Omitting the pictures, print every line below exactly as it stands.

(Beginning of Collected material)

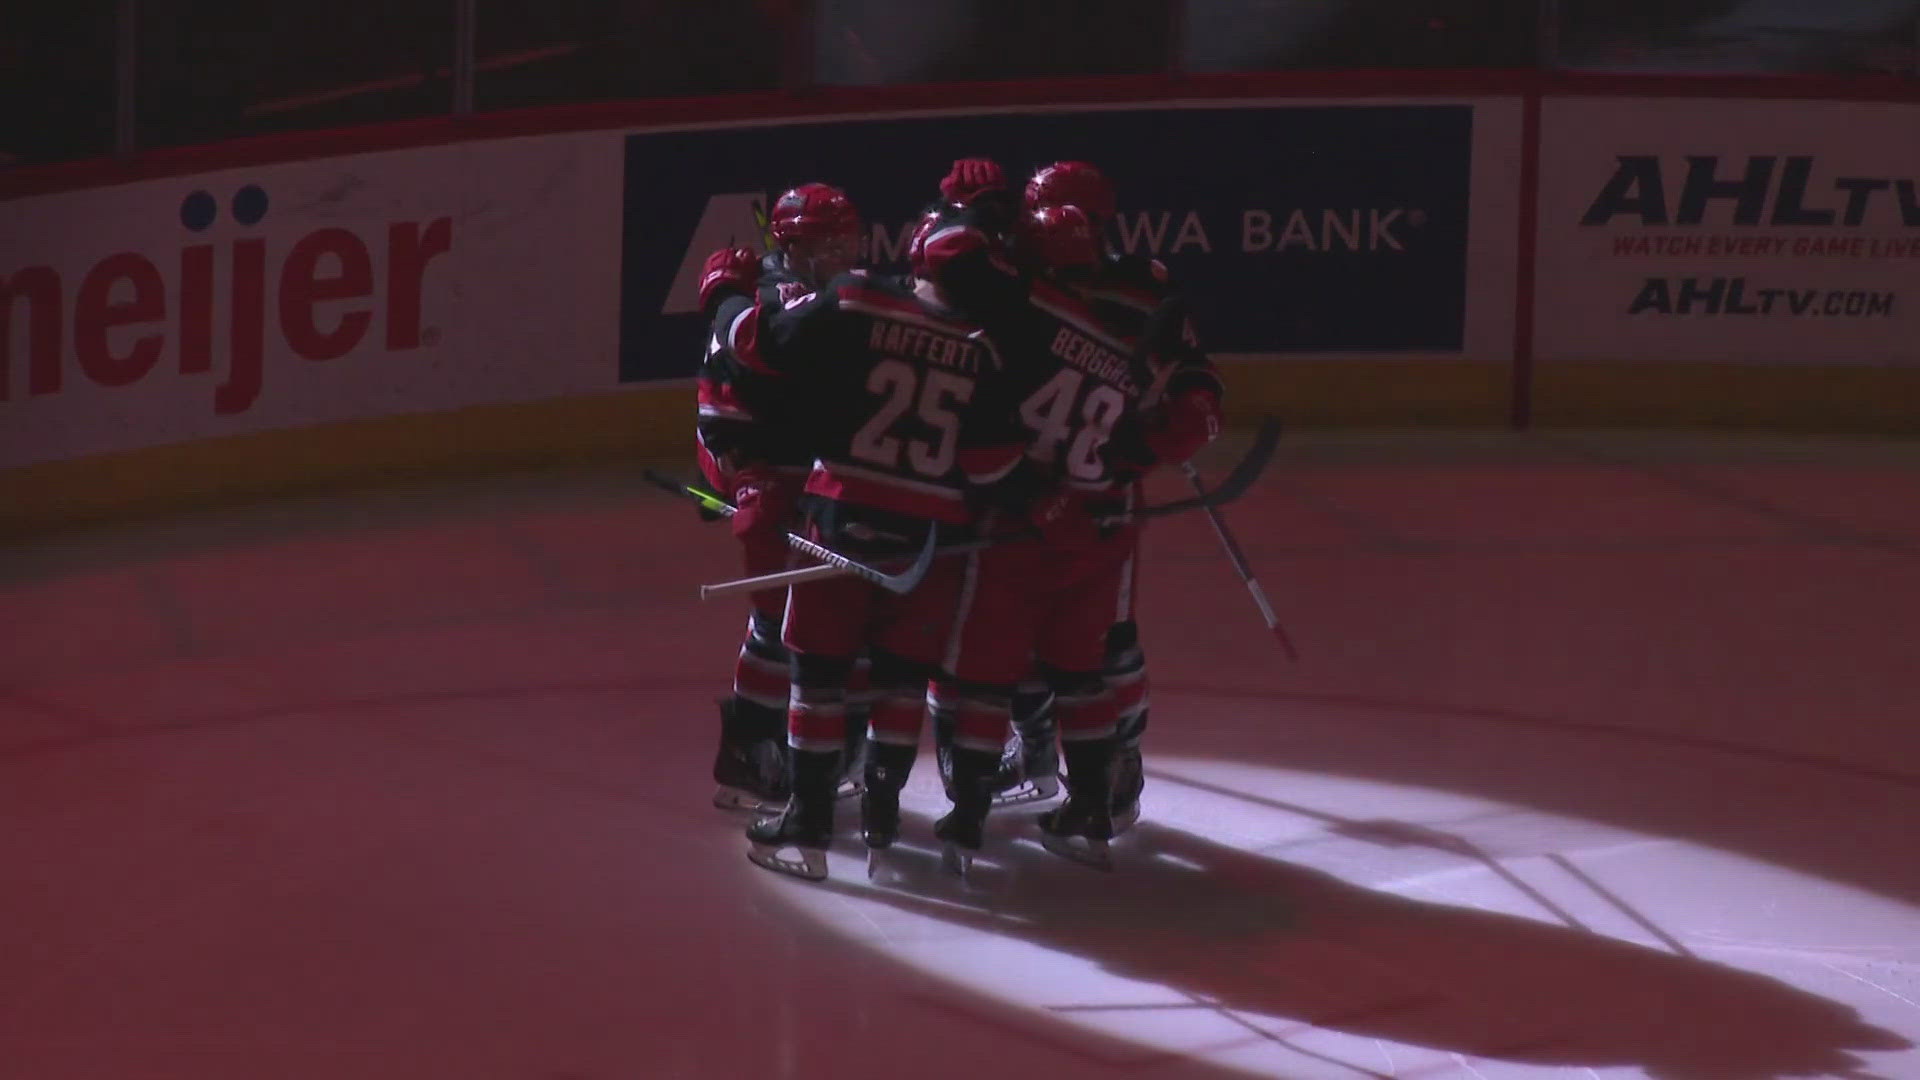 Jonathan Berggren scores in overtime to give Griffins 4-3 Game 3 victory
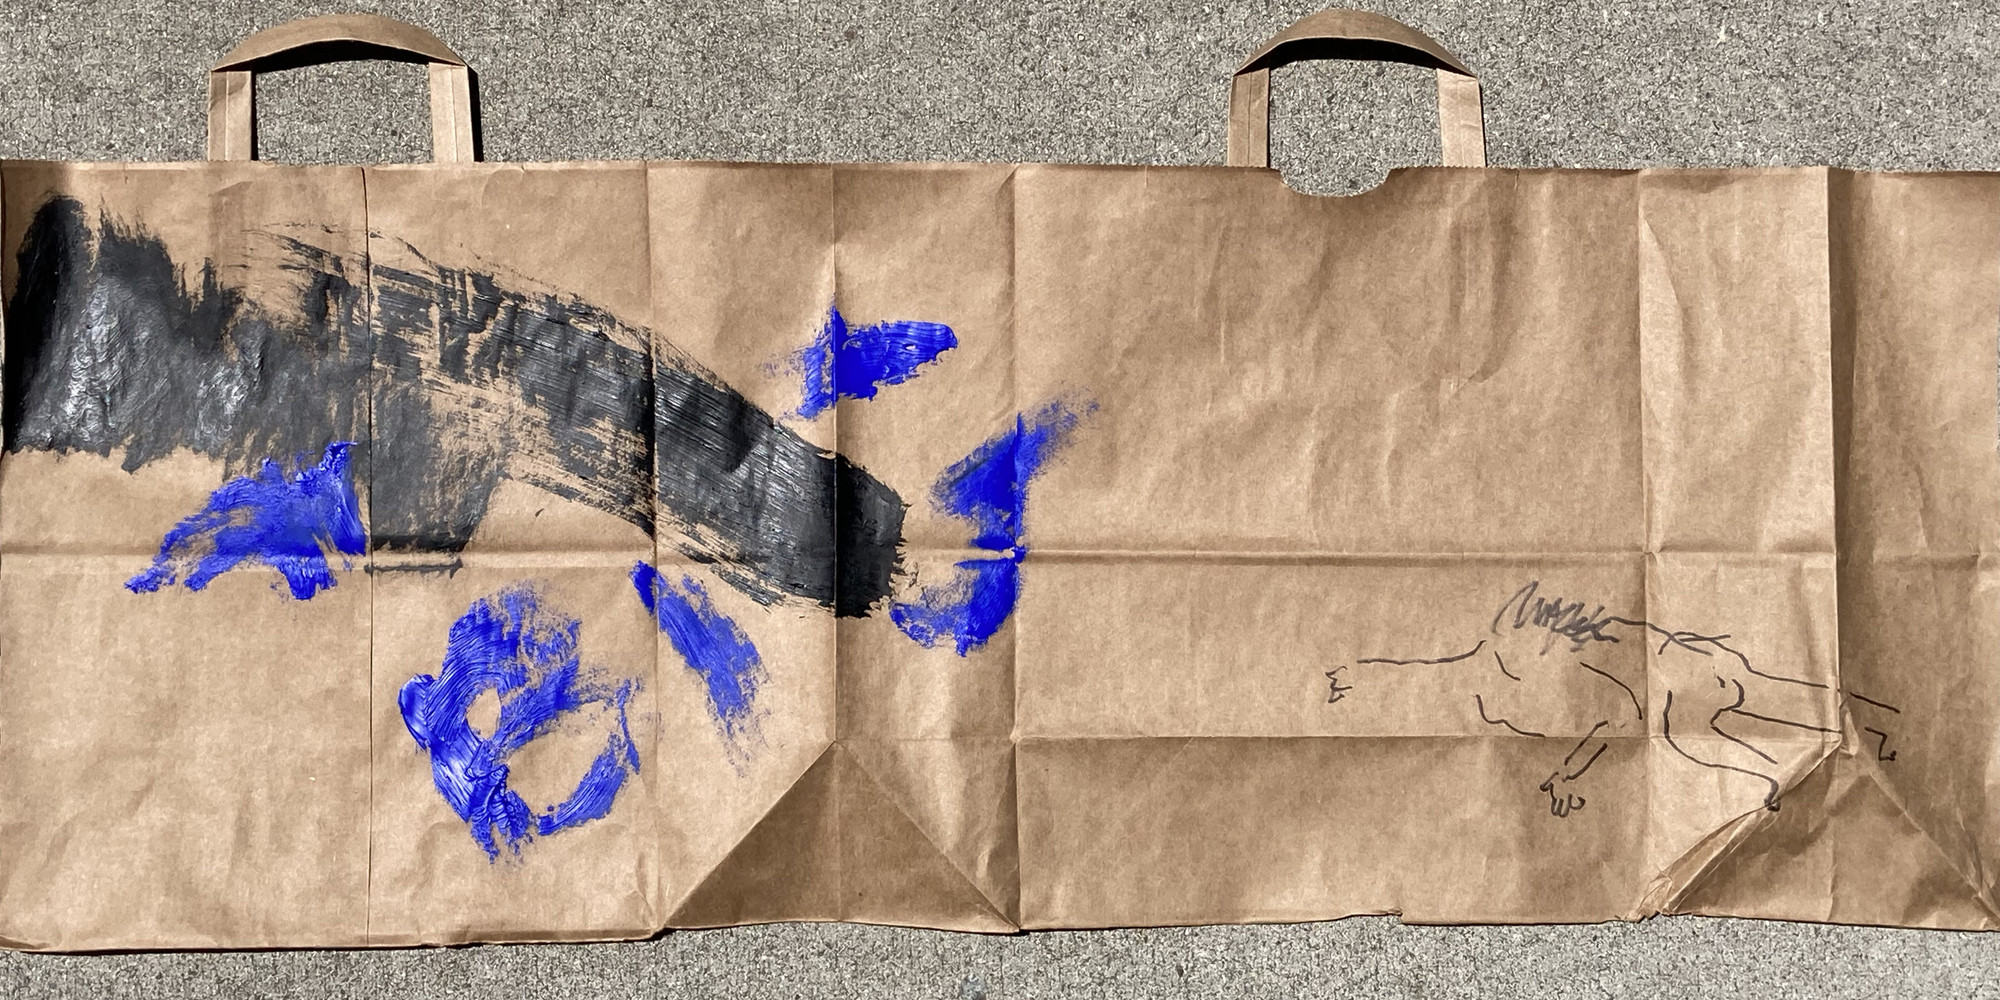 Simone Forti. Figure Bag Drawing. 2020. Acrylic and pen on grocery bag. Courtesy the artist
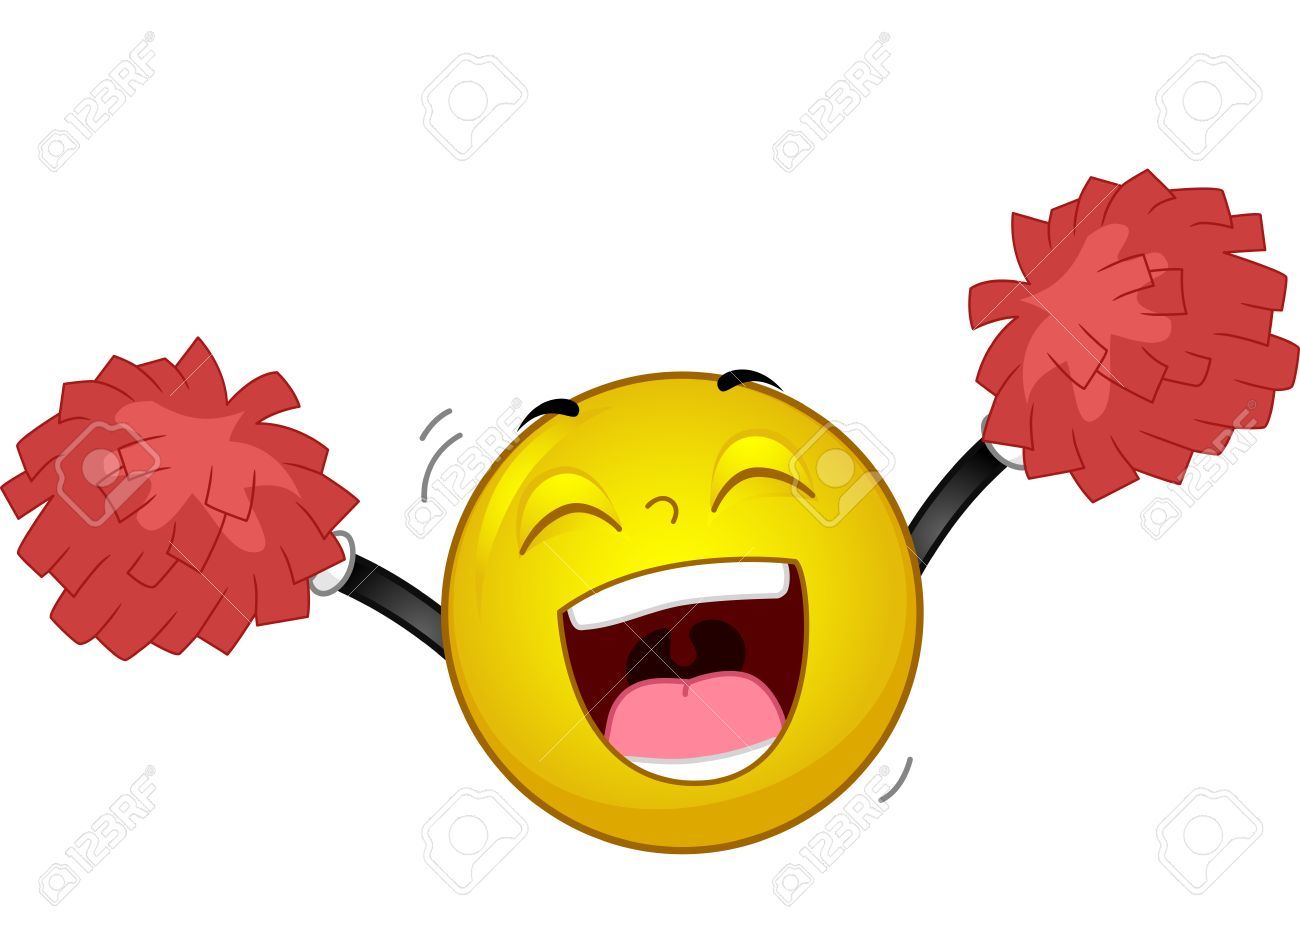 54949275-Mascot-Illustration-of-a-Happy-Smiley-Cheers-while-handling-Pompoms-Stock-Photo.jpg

(End of Collected material)

Output for this task:
 Jonathan Berggren scores in overtime to give Griffins 4-3 Game 3 victory
 Simone Forti. Figure Bag Drawing. 2020. Acrylic and pen on grocery bag. Courtesy the artist
 54949275-Mascot-Illustration-of-a-Happy-Smiley-Cheers-while-handling-Pompoms-Stock-Photo.jpg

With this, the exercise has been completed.